A couple of experiences I had answered that question for me.  First was what I call “the Ventoux phenomenon.”  The French Cotes du Ventoux region is a lesser-known part of the Rhone region.  When I lived in Paris in the 80s and 90s, you could buy Ventoux wines in the capital, but why would you?  They were thin, reedy, and without character.  Then, shortly after moving to San Diego, my wife and I were vacationing at the foot of Mont Ventoux for the scenery and the food and the mountains, not for the wine.  It’s kind of funny that I cross the Atlantic to vacation in the Vaucluse part of Provence, because the countryside there looks and feels an awful lot like San Diego’s back country, beautiful and aromatic and great for viticulture.  We were staying not far from a local wine co-op.  We dropped in for a taste.  It was just the local no-name Ventoux.  The stuff was delicious — tart, fruity, fresh, crunchy, like bursting berries on the palate.  It came out of a hose attached to a thirty-foot-tall tank built into the walls of the co-op.  And, get this: if you brought your own bottles, it cost 1 Euro per liter.  That’s about a dollar a bottle.

“WTF!” I exclaimed, because that was before I swore off swearing.  “Why don’t we get this stuff in San Diego or even Paris?!!?”  I have since learned that there are a few good reasons, and I will get to them later.

The second experience that taught me to drink local was making my own wine.  I have been doing so in San Diego for about eight years and went commercial under the label “Los Pilares” with last year’s vintage.  Here’s the deal:  smaller and localer makes it easier to be betterer.  Repeat with more emphasis and even less grammar:  more smaller and localer makes it more easier to be more betterer.

It’s simple really.  It’s easier to grow, find, or buy small quantities of good grapes locally than large quantities of good grapes anywhere.  It’s easier to pick them at just the right time and ripeness.  It’s easier to get them to the winery in good condition.  It’s easier to gently process them right away.  It’s easier to keep an eye on the fermentation.  It’s easier to take chances with your choice of varietals and wine-making techniques, because you aren’t putting a fortune at stake.  And when such fresh fruit swiftly attended to, it’s easier to avoid having to “adjust” it with chemicals.

On the other hand, to make wine for export, you have to make it in large volumes (unless it’s Romanée-Conti), you have to treat it for stability (unless it’s Cornelissen’s Magma Rossa), you have to pick en masse and often by machine (unless it’s Pétrus, in which case you can afford to pick one berry at a time), and you have to target a mass market, often dumbing down the wine.

I have become convinced that I get wine grapes locally of a quality that famous commercial winemakers who charge $100 per bottle would kill for.  But of course they would need tens or hundreds of tons of it, and that is just not available.  My experience with high-quality local fruit is just one example of how easy it is to make good, interesting wine locally on a small scale in San Diego.

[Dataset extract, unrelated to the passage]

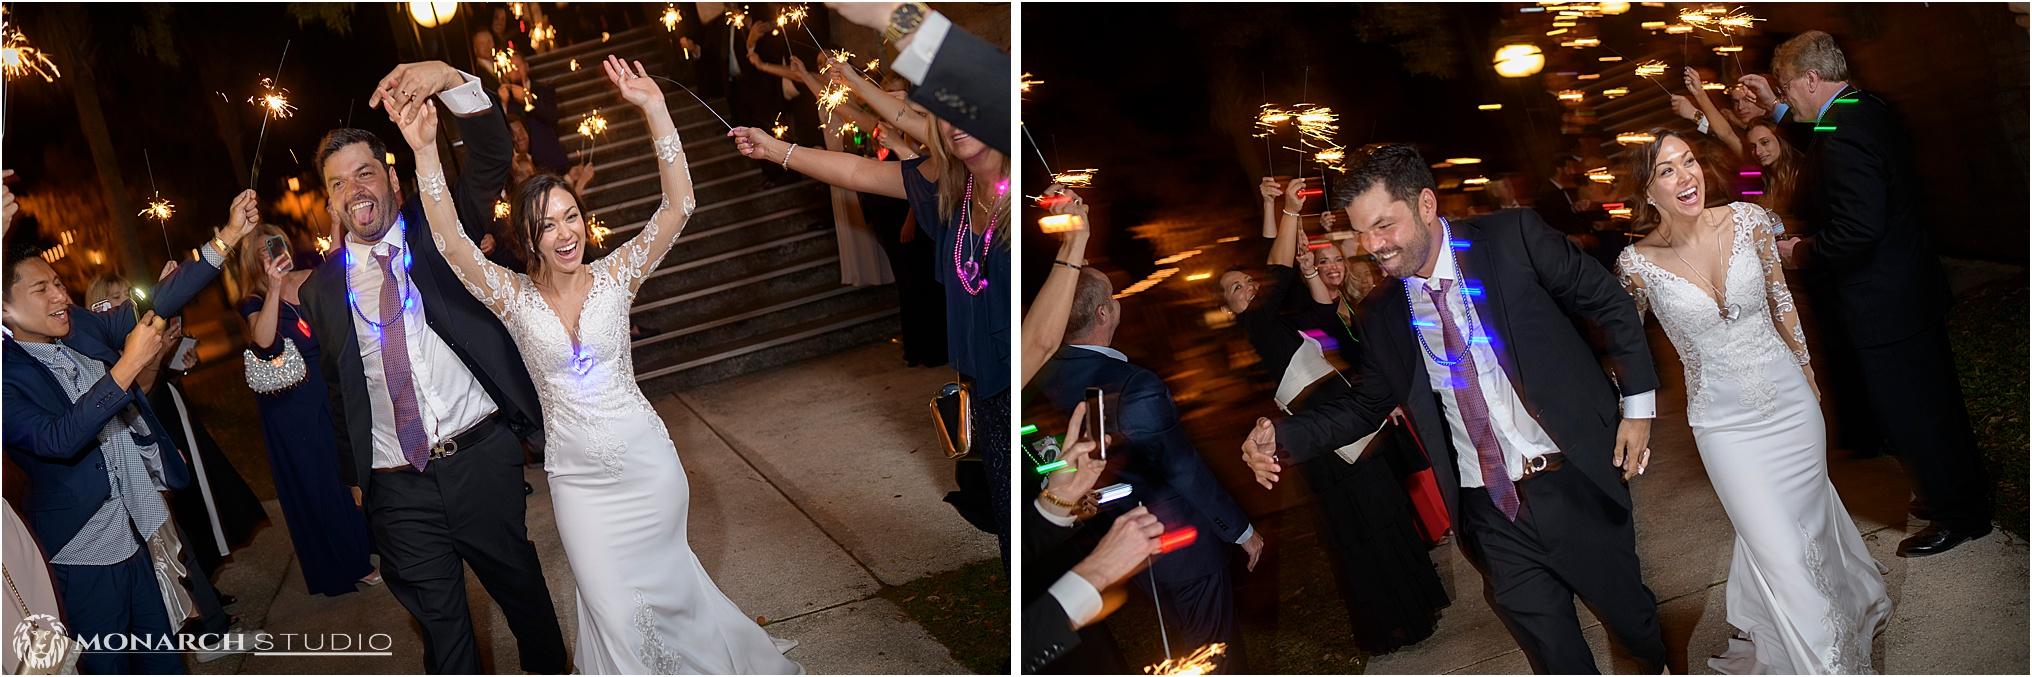 st-augustine-high-end-wedding-photographers-165.jpg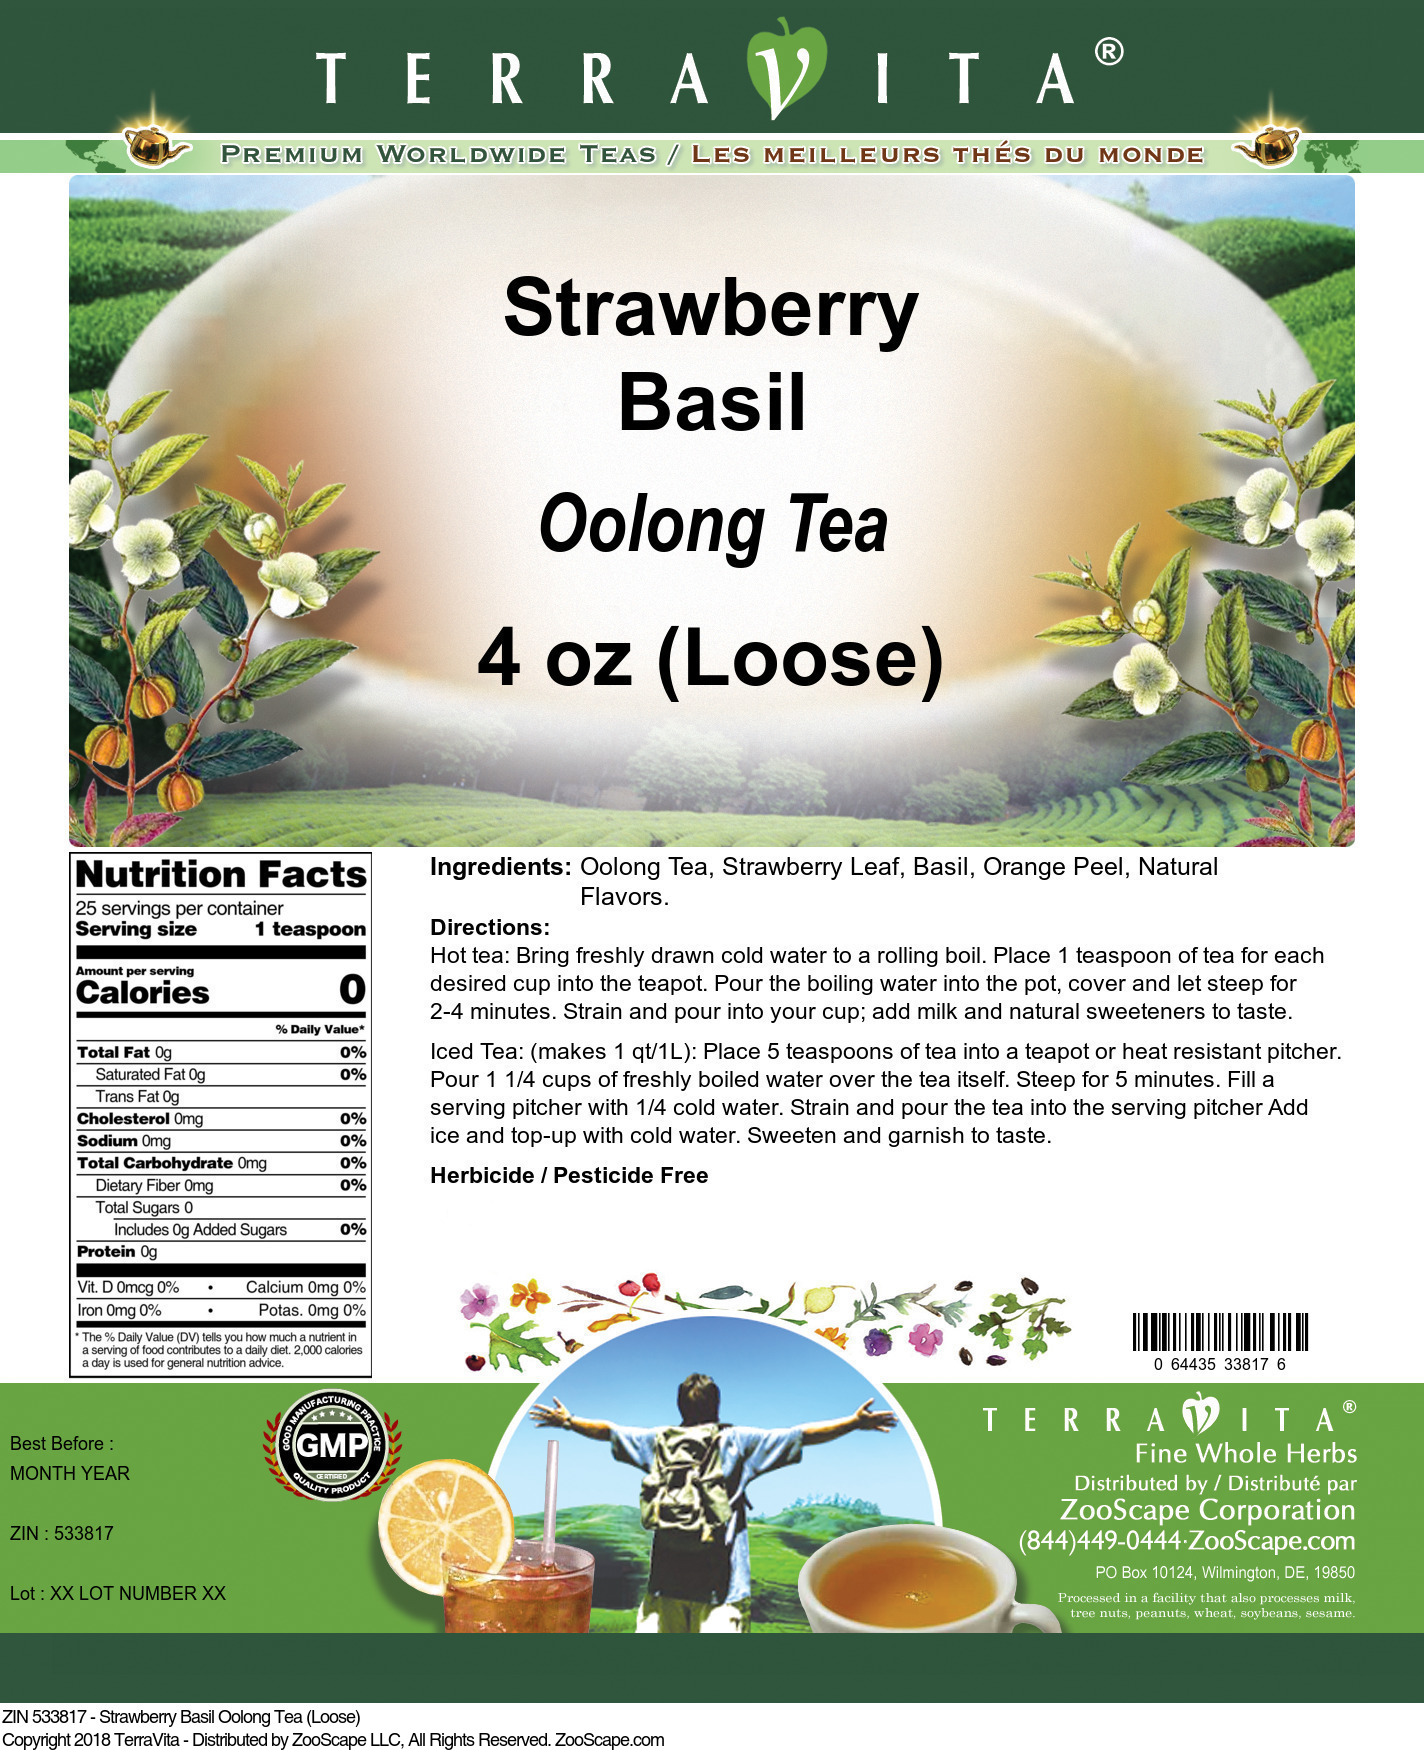 Strawberry Basil Oolong Tea

You, my neighbors, are really in luck, because San Diego is a grape-growing region.  You can experience the benefits of local wine making without leaving home.  Unfortunately, many (maybe even most) local wineries do not make any effort to exploit the benefits of being small and local.  They do EXACTLY what they shouldn’t.  They limit themselves to “international” varietals like Cabernet Sauvignon, Merlot, Pinor Noir, and Chardonnay.  They use industrial wine-making techniques.  They import their fruit from the central coast and even places farther afield.  Come on guys!  Why even make wine in San Diego if you are trucking fruit in from the central coast?

So, I changed my mind; I have two messages for San Diego foodies, especially the locavores:  (1) Drink local wine.  (2) Encourage local wineries to use local fruit and to bring you all the benefits of being small and local.